Coronavirus, for all its devastating toll on human life and global economic activity, may also very well be branded and remembered as the ‘supply chain virus’.

Appropriately responding to unprecedented supply chain disruption today requires to re-think forecasting and its role in driving daily decision-making: “only when the tide goes out – as Warren Buffett famous quote goes – do you discover who’s been swimming naked”. Not everyone will be up to the challenge.

Artificial Intelligence to the rescue: using wider data sets and faster adapting algorithms can accelerate the pace of learning, with immediate impact.

The supply chain challenge

Most current supply chain systems still rely on historical data from last year, month, or week as their baseline.

This works, until it doesn’t: the virus all but killed the historical data set.

Entire supply chains around the world are being disrupted: nearly impossible for executives to know when, and how, things will ‘return to normal’; or even, what this ‘new normal’ will really look like.

End-to-end disruption:

  • Sales of nearly any category essentially zeroed out except grocery and health
  • Stockouts of in-demand products even while overall inventory levels build up
  • Closed factories, sourcing challenges and inefficient global logistics.

Main outcome? Unpredictable, highly erratic demand patterns. And rapid loss of relevance for historical-data-driven supply chain systems.

As the future is hopefully going to look different from the past – surely from the recent past – traditional methods will fail to respond to critical market disruptions, leading to inaccurate advice and significant risks.

Weathering the storm: the ‘AI cure’

Artificial Intelligence blends together real-time data from multiple sources, and matches it with the trajectory of historical business sales data using automated attribute-tagging of products, location and customers.

Therefore, rather than just projecting the future as ‘more of the same’, this new approach relies on granular multi-dimensional de-composition of sales into hyper-local constituents, enabling exponential responsiveness and capability growth.

Sounds complex? In reality, the foundation is a simple idea, scaled up exponentially: vast amounts of data produced every day already allow to automate the answer to many questions with much greater relevance.

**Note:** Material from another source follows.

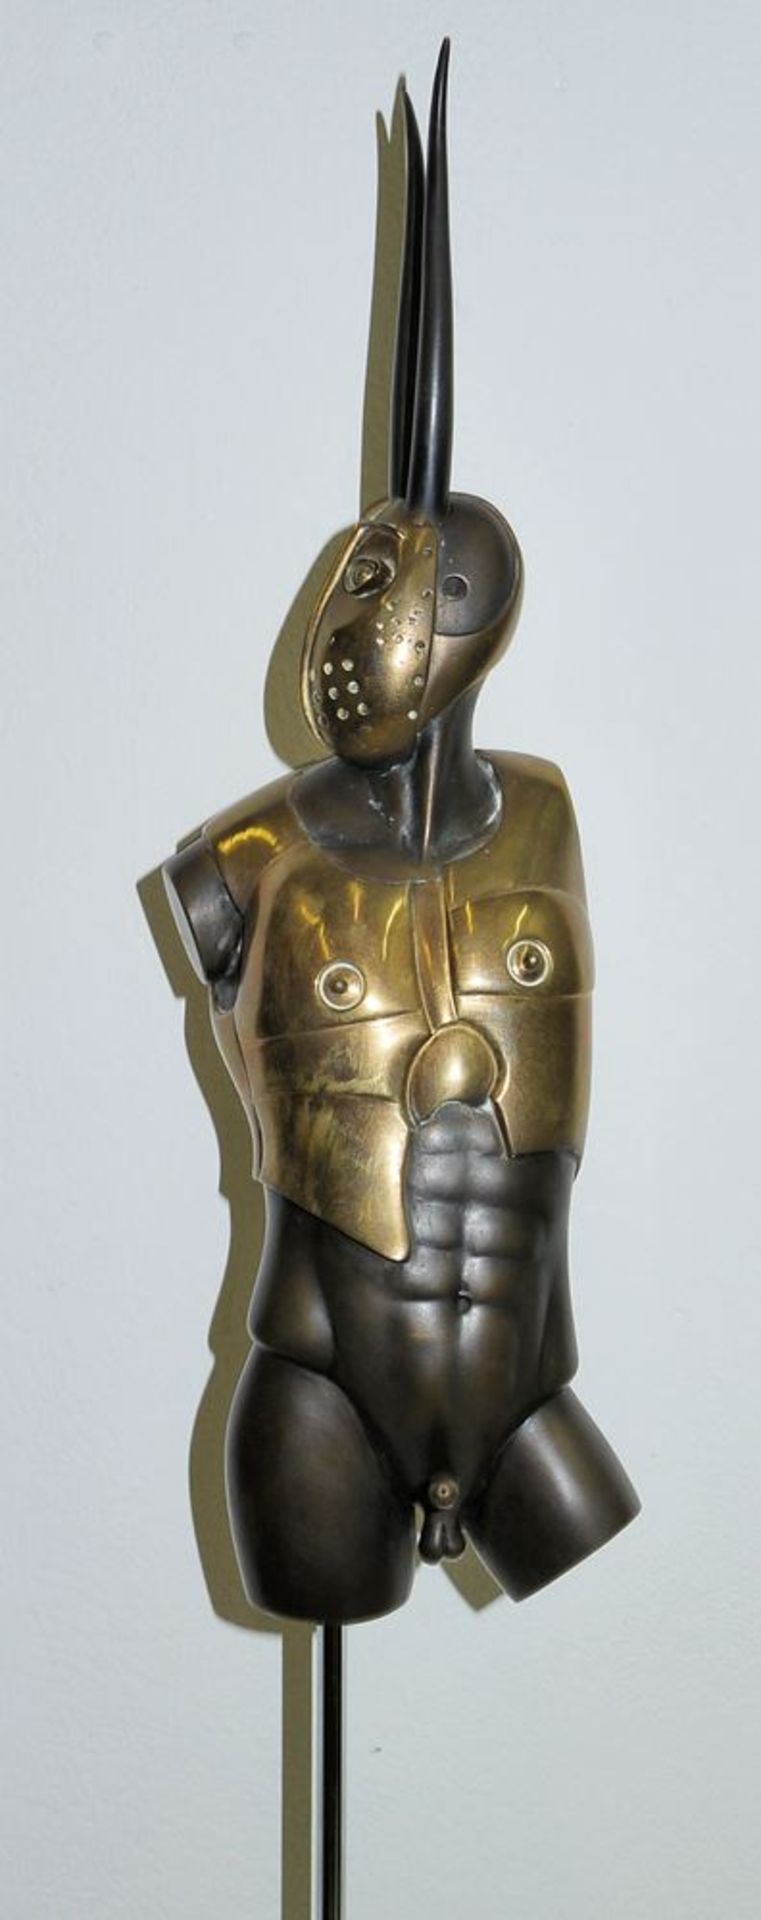 Paul Wunderlich, "Minotauros", Bronzeplastik von 1977 - Bild 3 aus 3
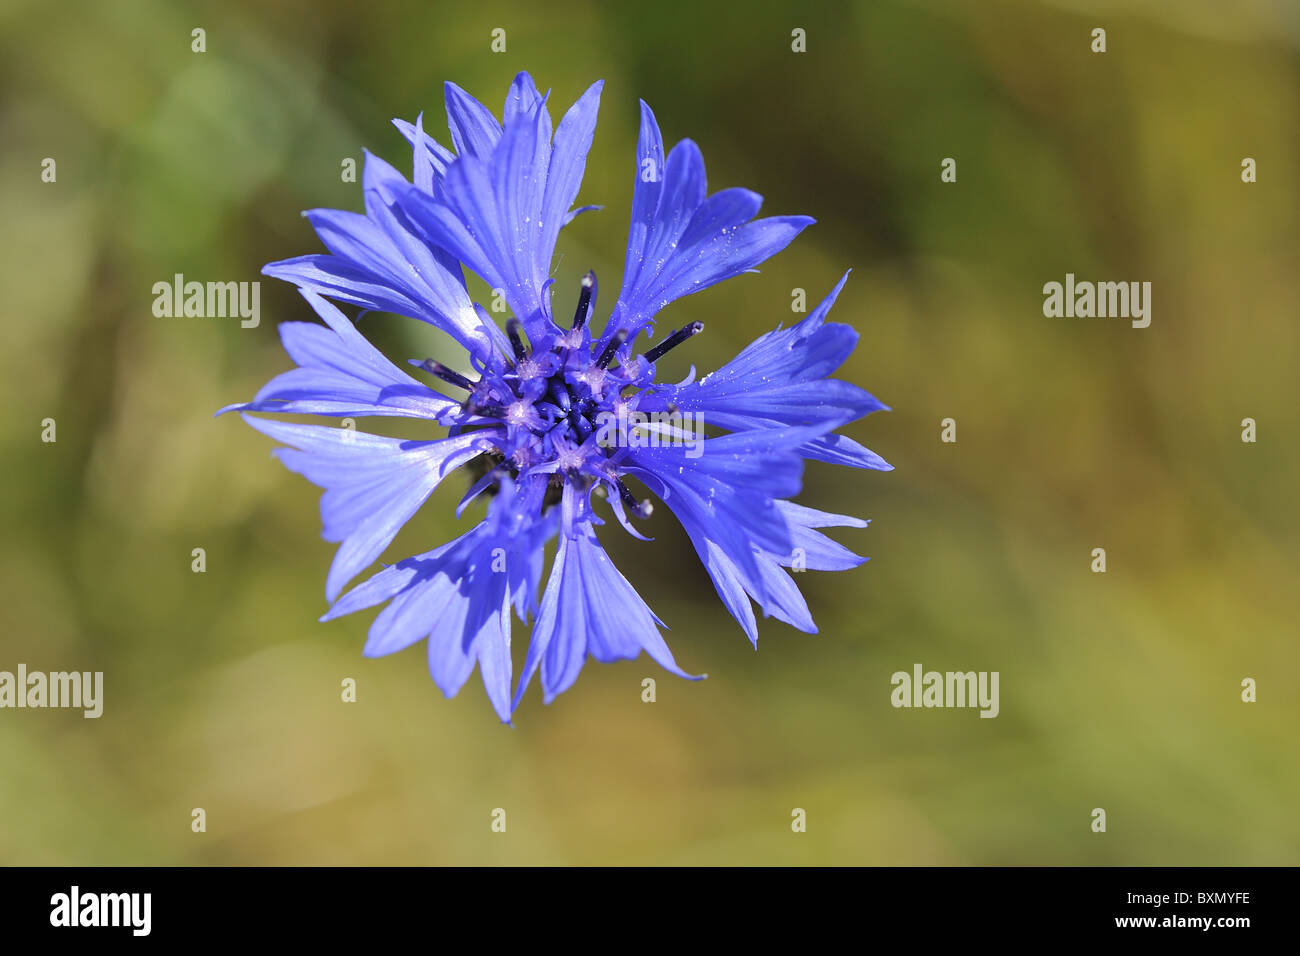 - Hurtsickle - Bleue bleuet (Centaurea cyanus) floraison dans un champ - détail d'une fleur - Cévennes - France Banque D'Images

Imagine having a dedicated team of managers, to look at every single data source, for every single product for each geography and customer segment? Now imagine giving this person access to sales and inventory data, social media trends, search engine information, weather data, and any other relevant set of data – with plenty of time to digest it? Start to get the idea?

If only one could systematically unpick the right data at the right level for the right purpose – and have many dedicated people committed to the task, would it not be simple to respond in a smarter, faster and more effective way to new information?

This, in a nutshell, is what AI does.

The ‘human-machine alliance’: the AI blind spots

AI can digest any relevant information, map micro-patterns and micro-trends, learn from its own mistakes, and constantly adjust, all automatically. Just like a human would do, but more efficiently – and also more constrained by the data.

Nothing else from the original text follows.